Capitalized leased property. Capitalized leased assets are amortized using the straight-line method over
the term of the lease, or in accordance with practices established for similar owned assets if ownership
transfers to the Company at the end of the lease term.
Goodwill. Goodwill represents the excess of the purchase price (including acquisition-related expenses)
over the value assigned to the net tangible and identifiable intangible assets acquired. The Company’s
goodwill is tested annually for impairment as of December 31 of each year in accordance with SFAS No.
142,
Goodwill and Other Intangible Assets
(“SFAS 142”).

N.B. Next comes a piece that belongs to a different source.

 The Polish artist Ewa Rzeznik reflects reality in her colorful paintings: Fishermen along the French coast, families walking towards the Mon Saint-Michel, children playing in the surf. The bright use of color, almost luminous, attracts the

Additional impairment tests are performed if, for
any reason, the Company believes that an event has occurred that may impair goodwill. Such tests are
performed at the reporting unit level which consists of four units, Wholesale, Retail North America, Retail
Asia Pacific and Retail Other, as required by the provisions of SFAS 142. For the fiscal years 2008, 2007, and
2006 the Company did not recognize any goodwill impairment charge.

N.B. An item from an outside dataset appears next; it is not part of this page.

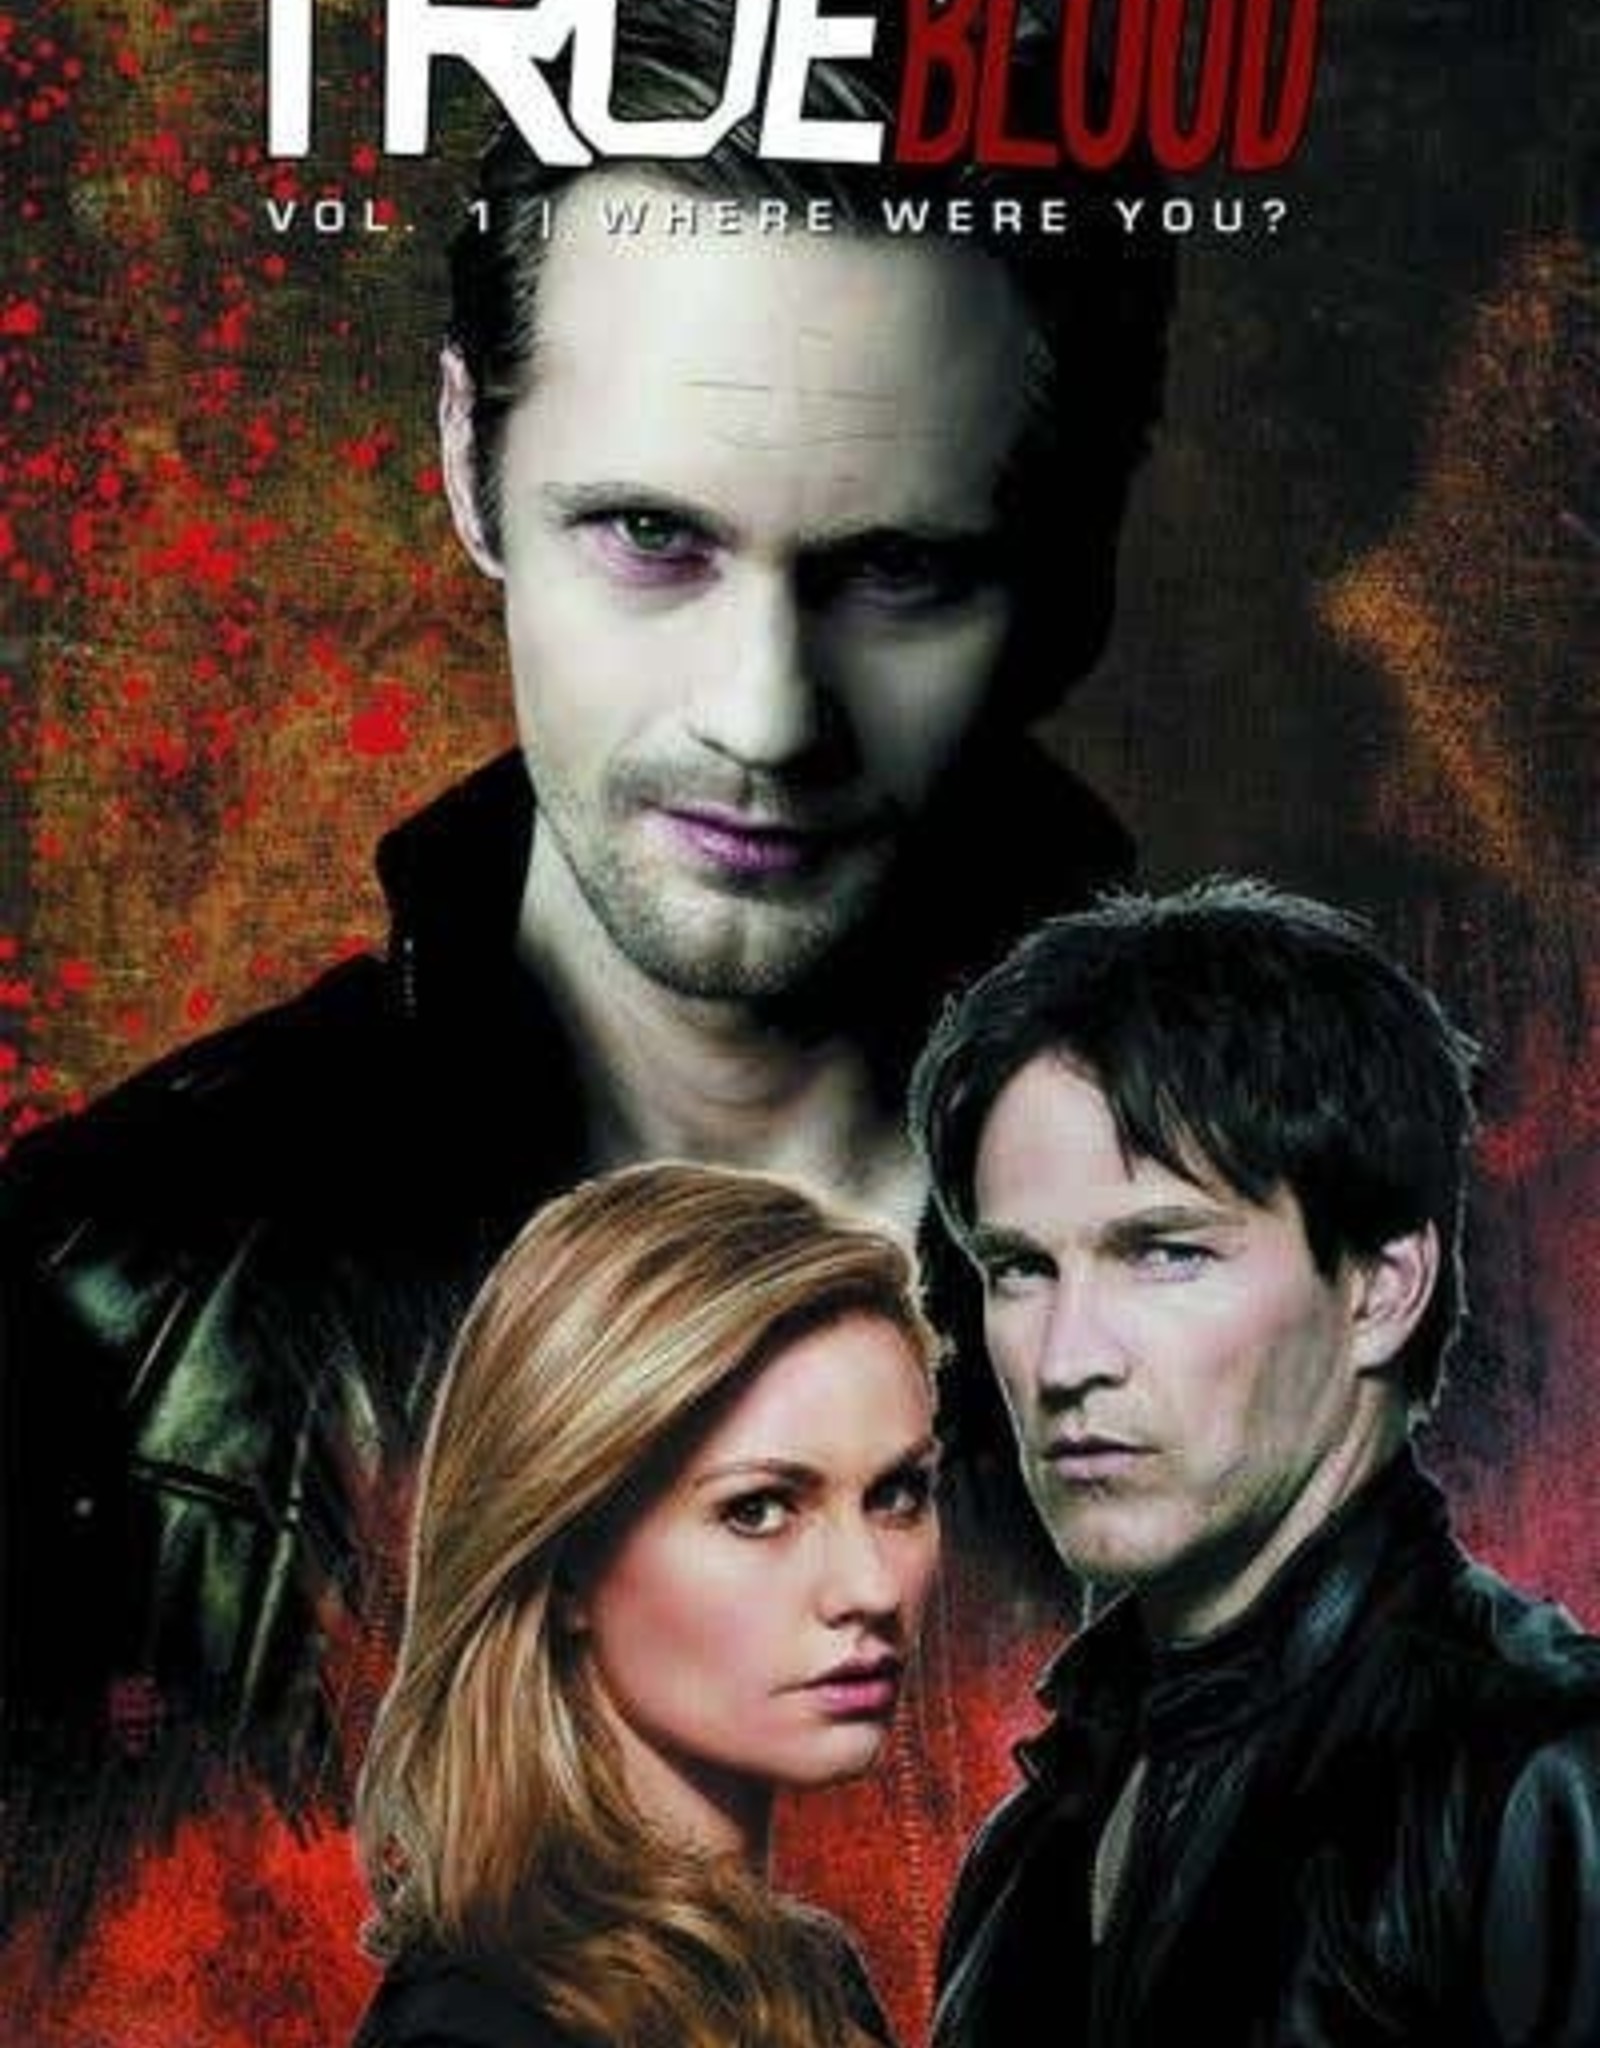 IDW Publishing True Blood Hardcover Volume 04 Where Were You?

Trade names and other intangibles. In connection with various acquisitions, Luxottica Group has
recorded as intangible assets certain trade names and other intangibles which the Company believes have
a finite life. Trade names are amortized on a straight-line basis over periods ranging from 20 to 25 years
(see Note 7). Other intangibles include, among other items, distributor networks, customer lists and
contracts, franchise agreements and license agreements, and are amortized over the respective useful
lives. All intangibles are subject to impairment testing in accordance with SFAS No. 144,
Accounting for
the Impairment or Disposal of Long-Lived Assets
(“SFAS 144”). Aggregate amortization expense of trade
names and other intangibles for the fiscal years 2008, 2007 and 2006 was Euro 73.9 million, Euro 69.5
million and Euro 68.8 million, respectively.
Impairment of long-lived assets. Luxottica Group’s long-lived assets, other than goodwill, are tested for
impairment whenever events or changes in circumstances indicate that the net carrying amount may not
be recoverable. When such events occur, the Company measures impairment by comparing the carrying
value of the long-lived asset to the estimated undiscounted future cash flows expected to result from the
use of the long-lived assets and their eventual disposition. If the sum of the expected undiscounted future
cash flows is less than the carrying amount of the long-lived assets, the Company records an impairment
loss, if determined to be necessary. Such impairment loss is measured as the amount by which the carrying
amount of the long-lived asset exceeds the fair value in accordance with SFAS 144. The aggregate
impairment loss on certain non-performing long-lived assets charged to the consolidated statements of
income during fiscal years 2008, 2007 and 2006 was not material.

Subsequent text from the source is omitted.